Mia is ordinarily the sort of person who looks out for others, but she is increasingly concerned for herself. She particularly resents the government instruction that if she is a contact of someone who tests positive for covid then she must self-isolate for 10 days, essentially imprisoned in her own home. Even if she is completely well. And even though she is immune to covid. She feels that she can only escape this if she takes covid injections. Injections that will not bring medical benefit to her or to anyone else. Injections that have caused unprecedented numbers of short-term serious adverse events. Injections with no long-term safety data. Injections from which the makers have been absolved of liability. And where will it end? How long until a third injection is required. And then a fourth? With potentially cumulative adverse effects.
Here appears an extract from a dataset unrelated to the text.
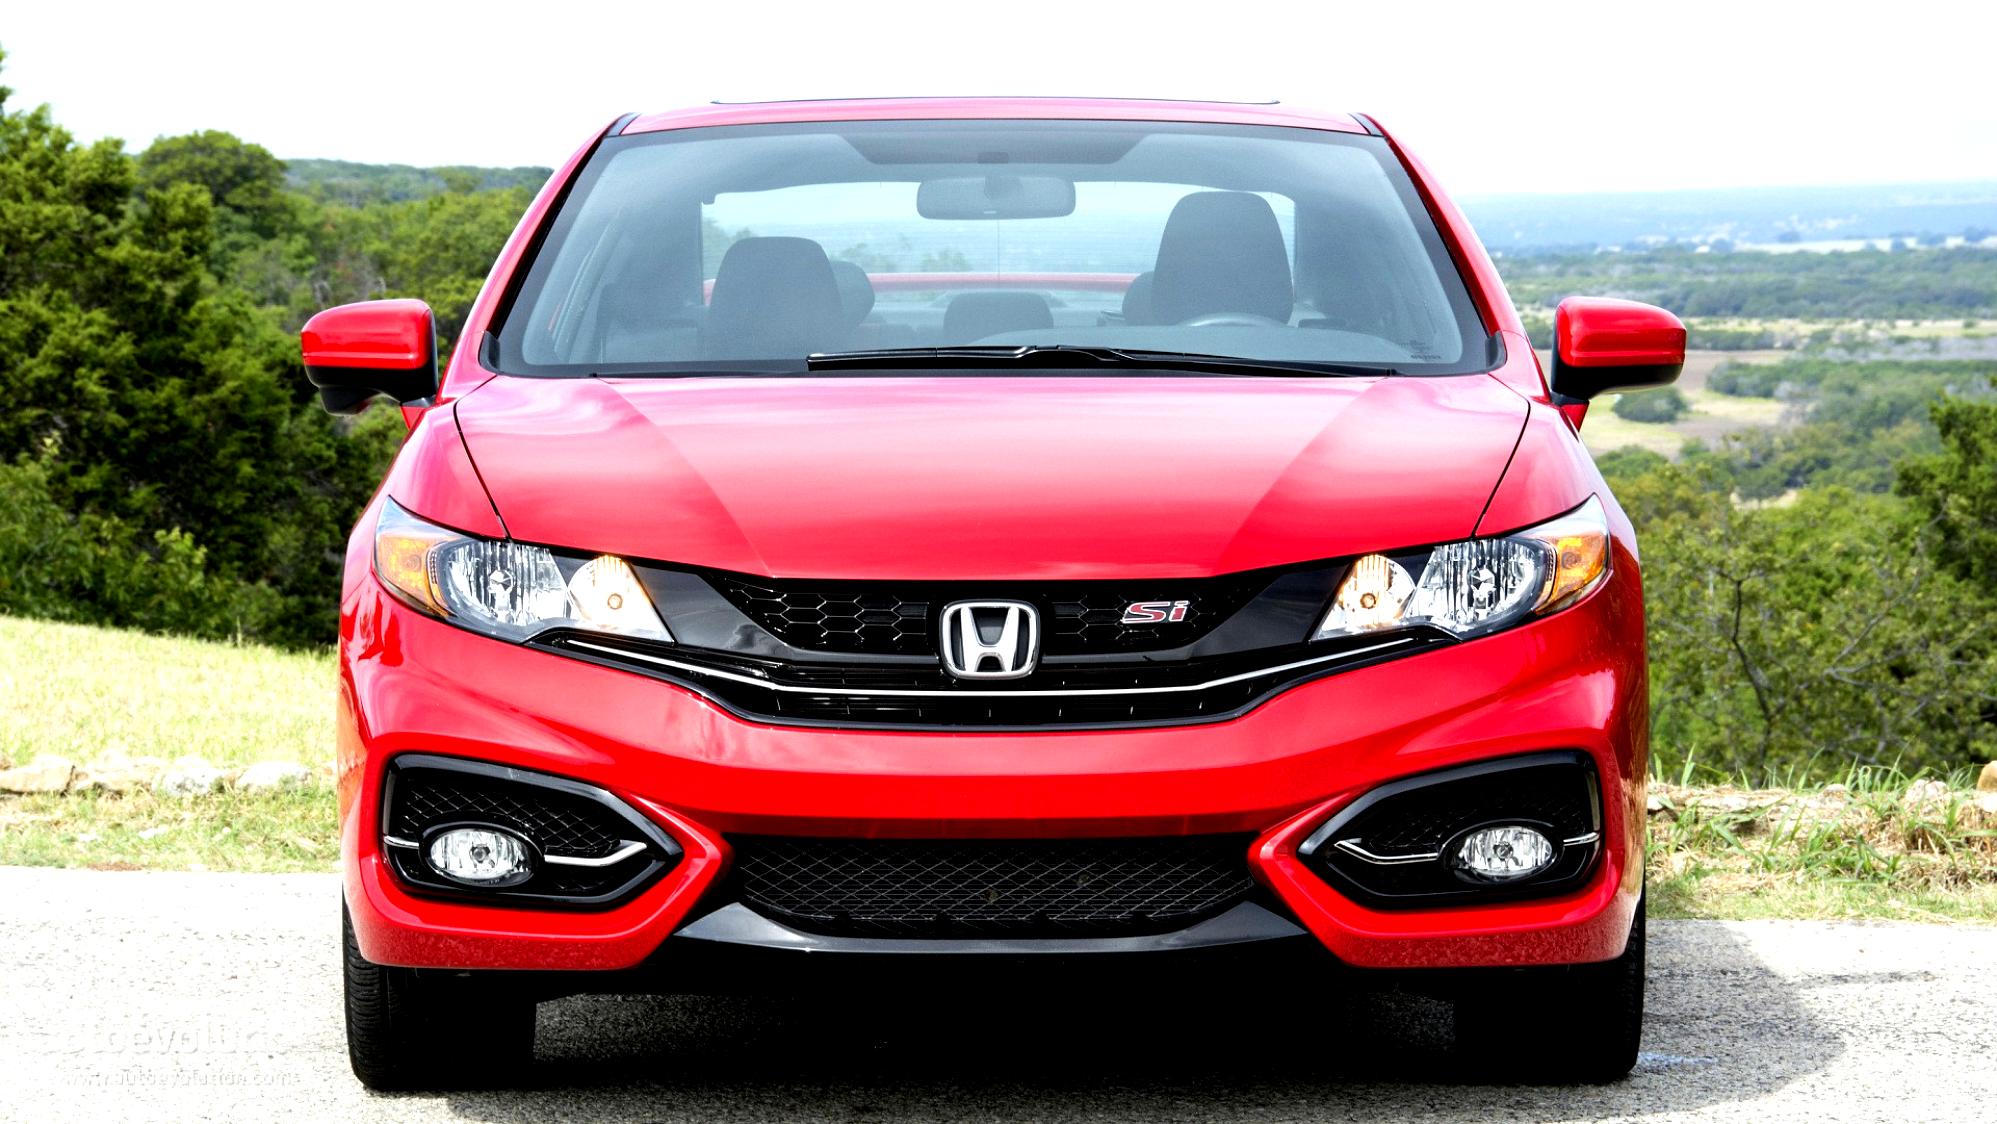 Honda civic 2015. Honda Civic si 2015. Honda Civic 2015 Coupe. Honda Civic si Coupe 2015. Хонда Цивик 2015 купе.

Sofia says the UK government is actually behaving criminally, and that Mia should just ignore anyone contacting her about contacts. It’s the lesser of two evils, says Sofia, who, having grown up in Czechoslovakia under Communism, is better placed than most to perceive creeping authoritarianism. She also says that she cannot see how this ends unless people stop complying: particularly with masks, testing, and taking injections. She points out that there are established international agreements that state clearly that informed consent is required for any medical intervention — preventative, diagnostic or therapeutic. And that the consent can be withdrawn at any time. Moreover, because the injections are still in clinical trials, any element of force or duress to take them would be wrong, she says, even if they were safe and effective in the short-term.
But Mia feels that she has to abide by the rules. As a result, she has become increasingly withdrawn and worried. She misses seeing her friends. She fears for the future. Not just for herself but for her children. Especially if she takes injections and becomes ill — or worse. Mia wonders why so few people seem to be speaking out. On TV and radio. In the newspapers. Even at the church she attends. Most people simply don’t seem to want to talk about the injustice of what is happening, let alone challenge it. Few people seem to understand her dilemma. She feels she has little or no support. From her friends. From the neighbours who clapped her home. Even from some of her own family.
My sister Mia… what should I say to her?